🤖 AI Summary
This work addresses the joint inversion of ball spin direction and full 3D trajectory from monocular broadcast videos of table tennis, using only 2D ball-center trajectories—without any real-world annotated data.
Method: We propose a novel physics-guided learning framework driven exclusively by synthetic data: high-fidelity synthetic videos are generated via rigid-body dynamics; a unified architecture integrates 2D trajectory encoding, geometry-aware feature enhancement, and physics-constrained inversion to jointly optimize spin classification and 3D trajectory regression in an end-to-end manner.

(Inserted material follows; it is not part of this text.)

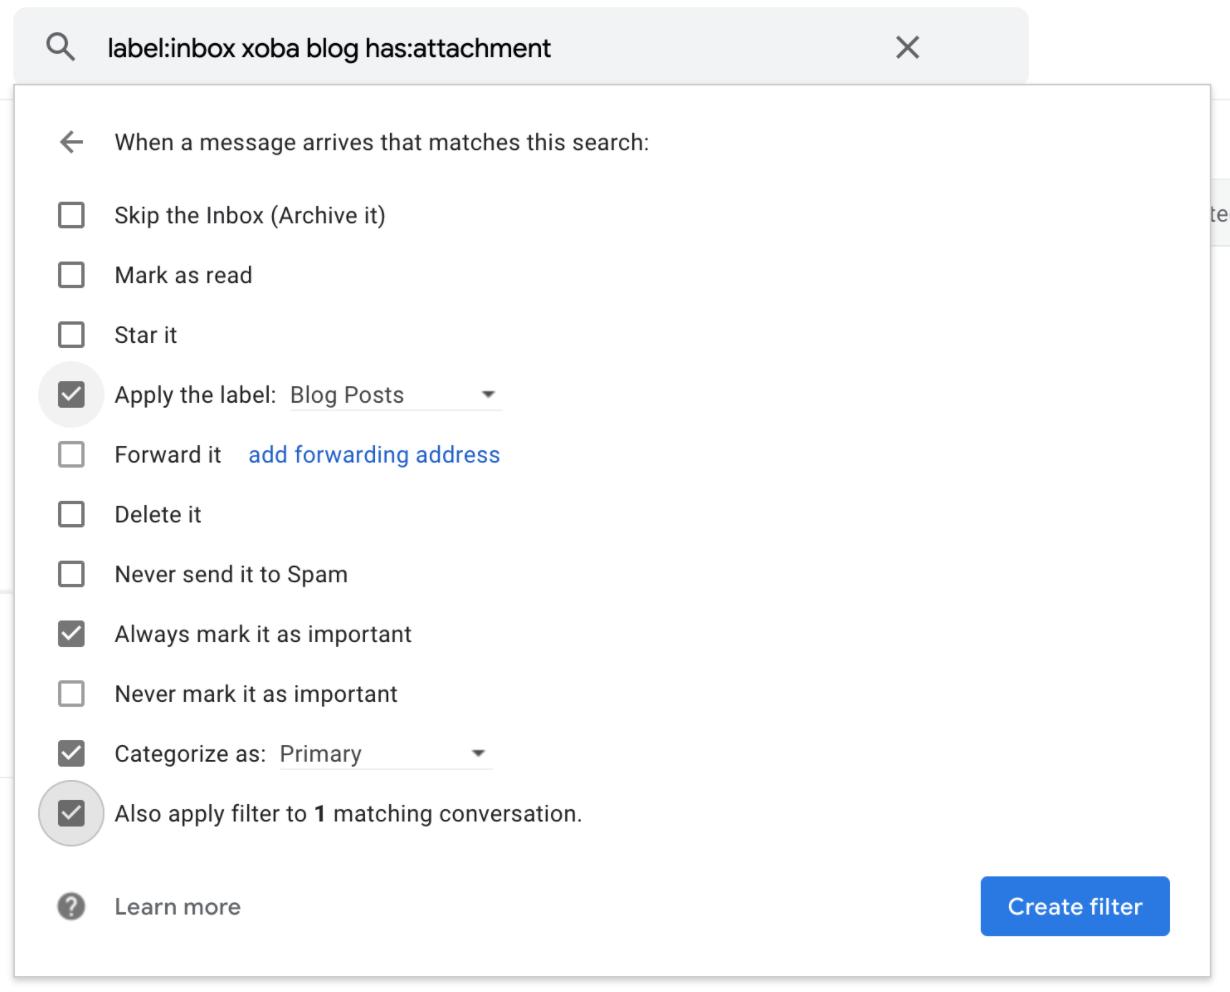 xoba-gmail-blog-2

Contribution/Results: Crucially, the method eliminates reliance on real-data fine-tuning, achieving cross-domain generalization through principled physical modeling and augmentation. Experiments demonstrate state-of-the-art performance: 92.0% accuracy in spin-direction classification and a 2D reprojection error of only 0.19% of the image diagonal length.
📝 Abstract
Analyzing a player's technique in table tennis requires knowledge of the ball's 3D trajectory and spin. While, the spin is not directly observable in standard broadcasting videos, we show that it can be inferred from the ball's trajectory in the video. We present a novel method to infer the initial spin and 3D trajectory from the corresponding 2D trajectory in a video. Without ground truth labels for broadcast videos, we train a neural network solely on synthetic data. Due to the choice of our input data representation, physically correct synthetic training data, and using targeted augmentations, the network naturally generalizes to real data. Notably, these simple techniques are sufficient to achieve generalization. No real data at all is required for training. To the best of our knowledge, we are the first to present a method for spin and trajectory prediction in simple monocular broadcast videos, achieving an accuracy of 92.0% in spin classification and a 2D reprojection error of 0.19% of the image diagonal.